There will be three programming projects. Each will require implementing a particular machine learning method from scratch (i.e. not using the built-in MATLAB modules). Likely methods for the projects include feature selection, collaborative filtering, and ensemble classification.

Aside from code files, project deliverables should be turned in as a Word document or PDF.  If you want to turn in a different type of document, please discuss it with me first.

Project deliverables will be collected using a Catalyst Collect It dropbox.  See the course homepage sidebar for a link to the course Collect It.


Grading

Exercises will be weighted equally, although the amount of work may vary. Exercises will account for 25% of the overall grade. Each of the three programming projects will account for 25% of the overall grade. I will grade on a curve.

Late policy for Exercises: Exercises will be accepted up to two days past the due date, but for each day late there will be a loss of 25% of the grade.  Exercises will not under any circumstances be accepted more than two days past the due date.  Submission times as determined by the Catalyst Collect It dropbox will be the final arbiter on lateness.

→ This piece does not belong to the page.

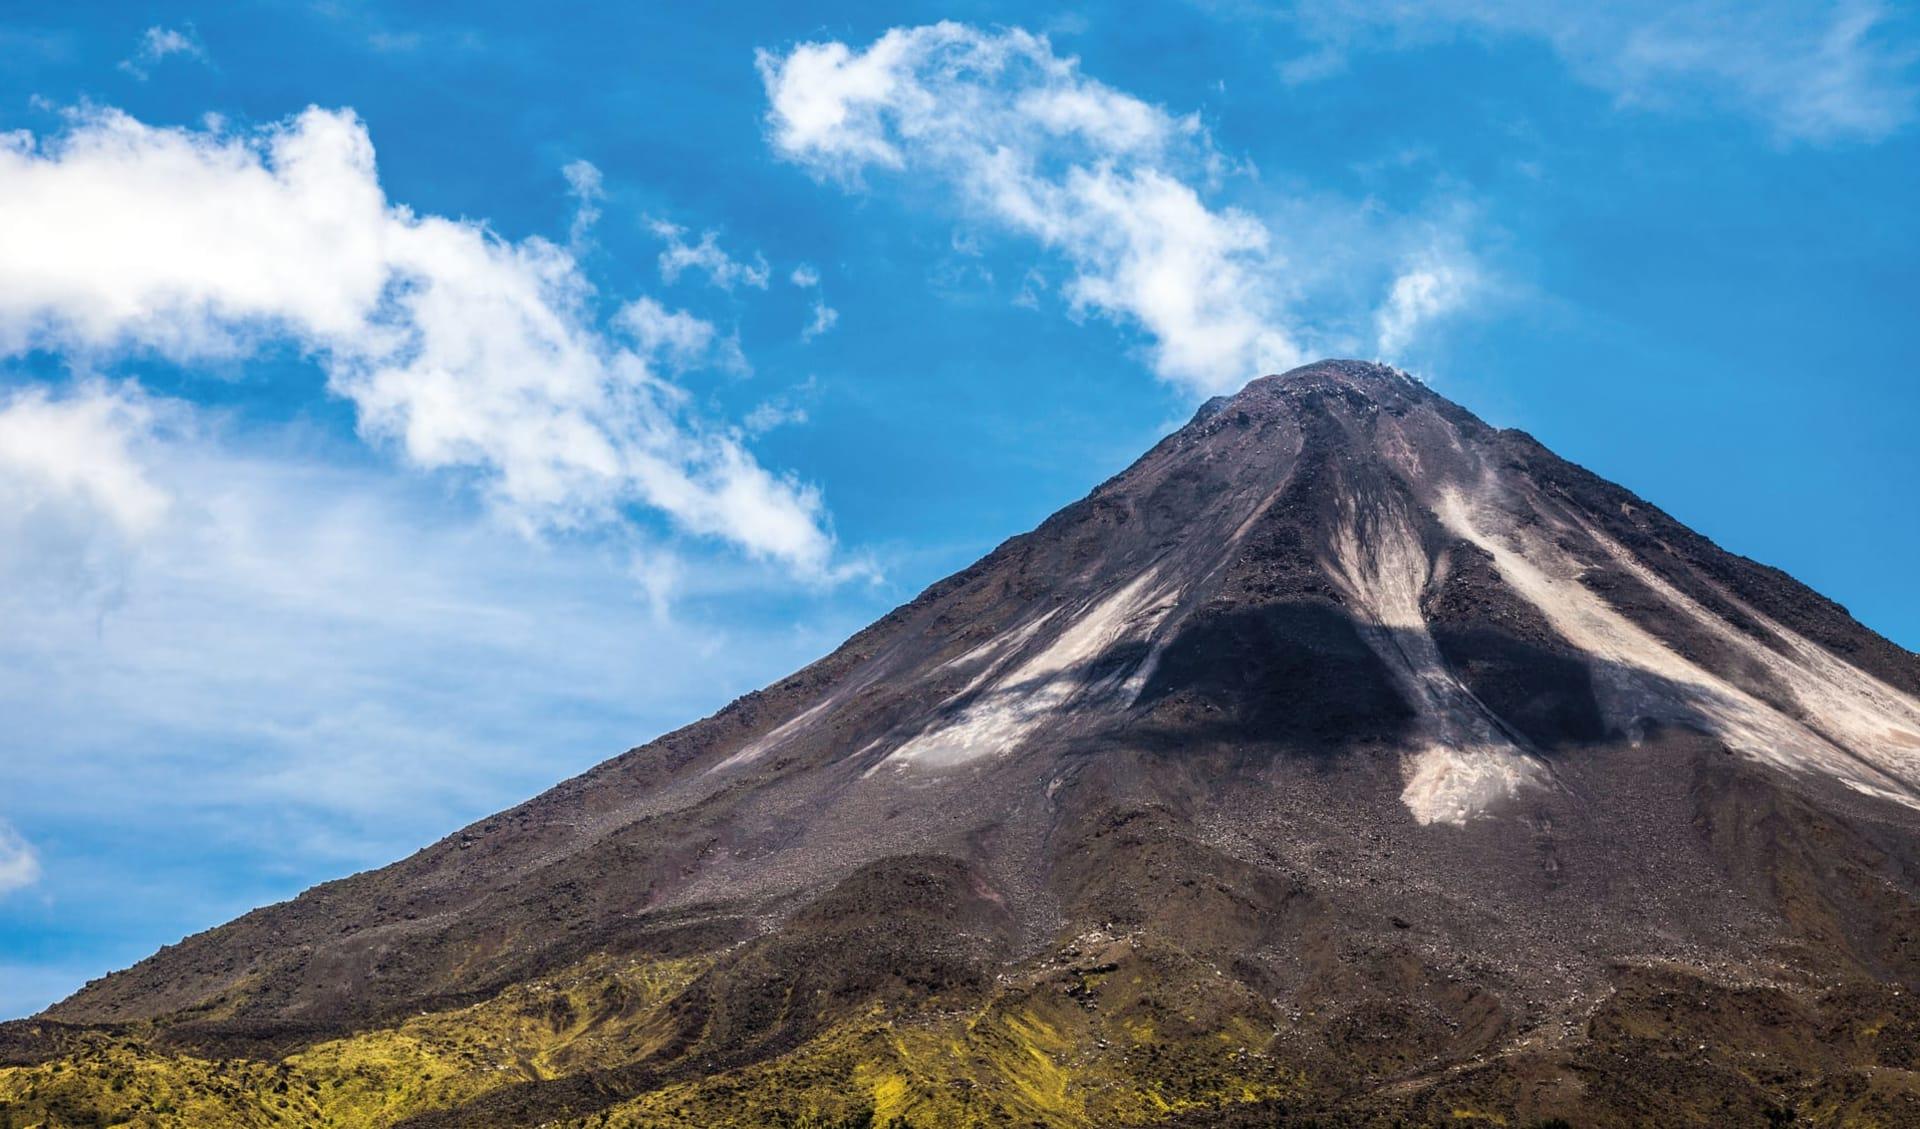 Gruppenreise Mundo Verde ab San José City: Costa Rica - Arenal Vulkan - Sicht auf Vulkan

Late policy for Projects:  Projects will be accepted up to three days past the due date, but for each day late there will be a loss of 15% of the grade.  Projects will not under any circumstances be accepted more than three days past the due date.  Submission times as determined by the Catalyst Collect It dropbox will be the final arbiter on lateness.

If at any point during the quarter you have concerns about your performance in the class, please talk with me, and I will tell you where you stand relative to your classmates.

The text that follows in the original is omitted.